2012-09-06 03:29 AM
Hi. I have a question about performance accessing a large number of small files on NetApp storage.
I'm considering the best way to store circa 3 million files, most of which will be just over 1k, that are accessed by virtual mahines. This will be a low-write high-read dataset. The VMs are on VMWare ESX datastores that are on NetApp storage and accessed over NFS. My alternatives are to either store all the small files in a VMDK (on a filesystem with 1k block size), or put them on a dedicated NetApp volume accessed directly by the VM over NFS.
With WAFL using 4k blocks, there will be some overhead on both storage size and read speed if accessed directly, but presumably there'll be the same overhead if they're in a VMDK. Are there any NetApp recommendations for how to best handle this type of dataset?
Thanks in advance for any advice ....
2012-09-06 06:17 AM
Hi, thanks for responding. The existing dataset is flat, but there is a natural split of the data into 10 "layers" (equally-sized, I'm told), so yes this could be reduced to e.g 10 x 300,000-files instead of 1 x 3 million files if I could justify it in performance terms.
2012-09-06 06:37 AM
Are humans accessing the files, or is a software program accessing them? It sounds like you have some discretion. If it is a program, you may want to have more than 10 files – you may want to have a matrix of directories (i.e directories AA through 00 = 1296 folders, so for 3million files , 2314 files per), if your program can look up the location in an index.
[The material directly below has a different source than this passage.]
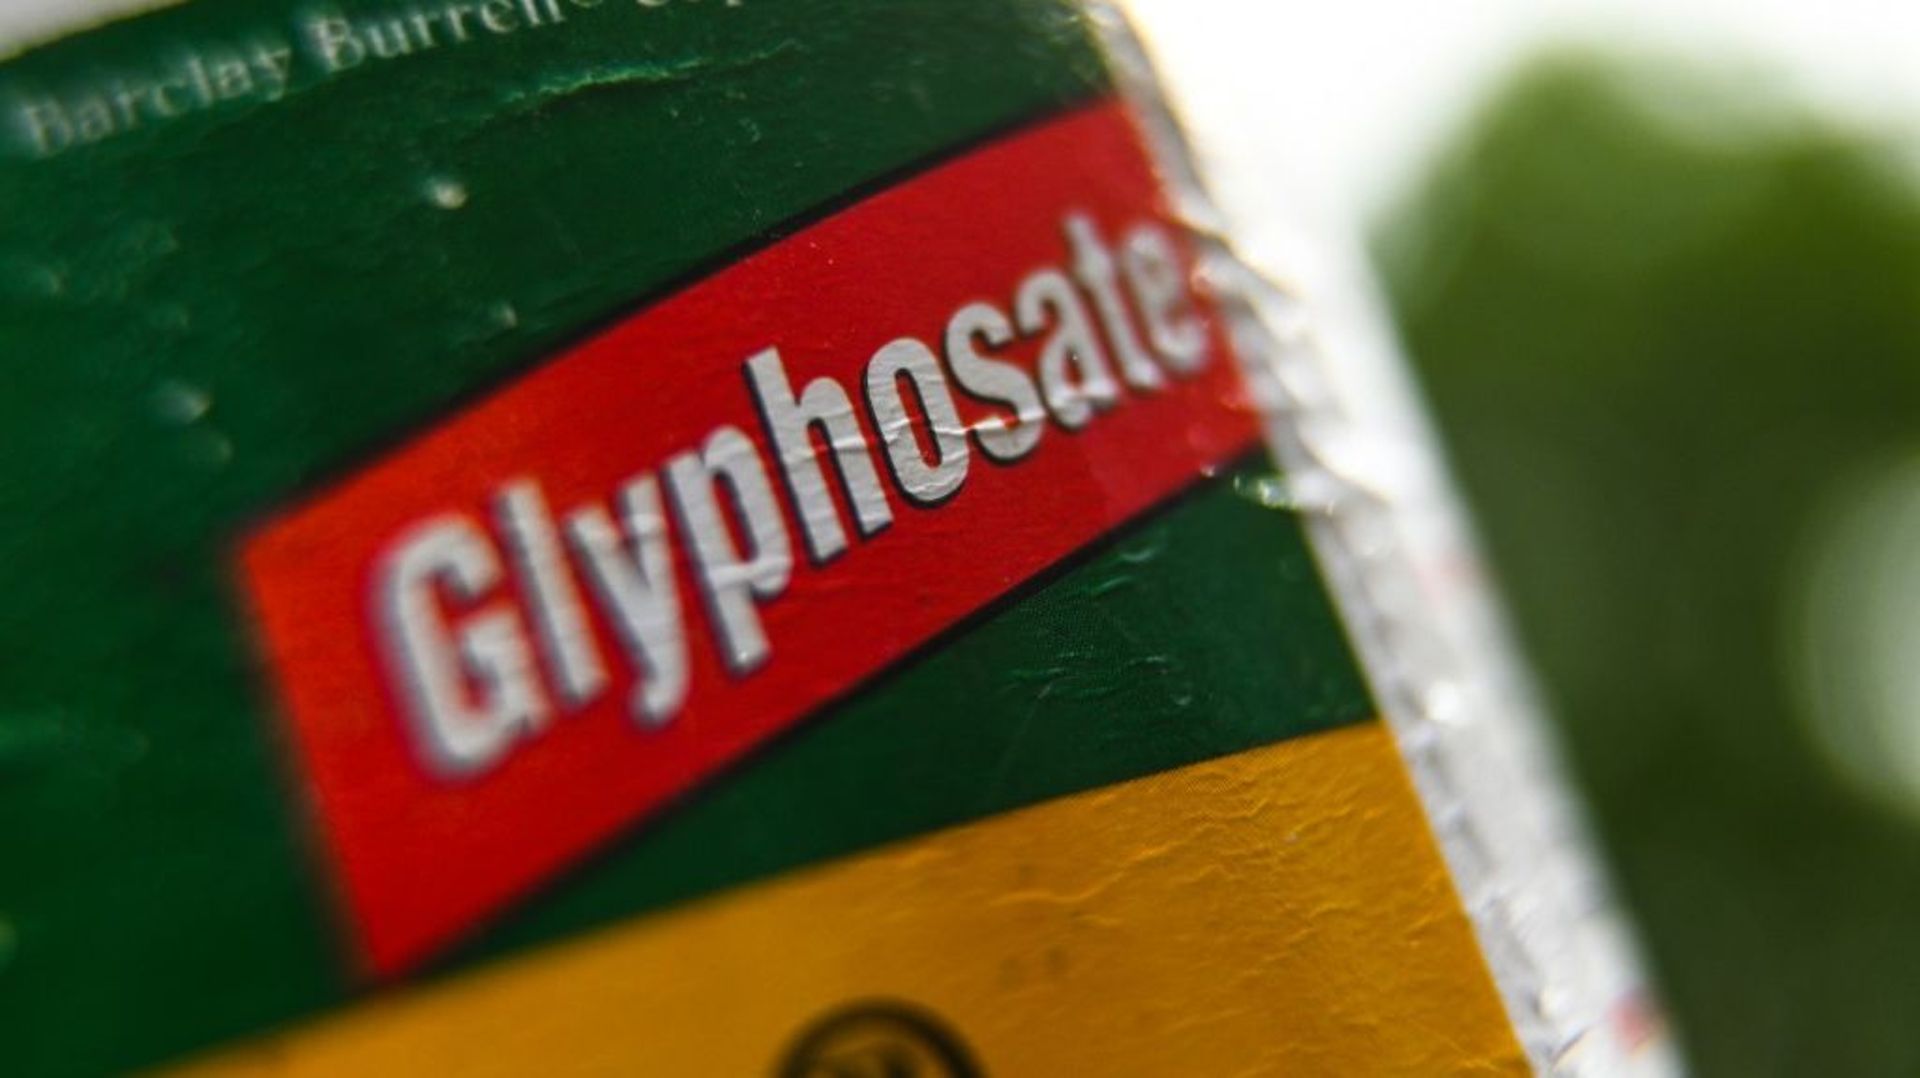 Le Luxembourg va devenir le premier pays de l'Union européenne à bannir le glyphosate

I am not a high file count expert – I just have some familiarity with the problem domain from previous lifetimes where NTFS was my file system.
NetApp has a TR-3537 – Best Practices for High File Count environments , but it appears to be a NDA only document (not a committee I was on ;-) ). Your NetApp account team should be able to facilitate the steps to get you this document.
2012-09-06 07:26 AM
Thank you Matt, much appreciated. The files will exclusively be accessed by web servers, not humans. I may have some influence on the directory structure, but would prefer to kkep it simple from an application perspective.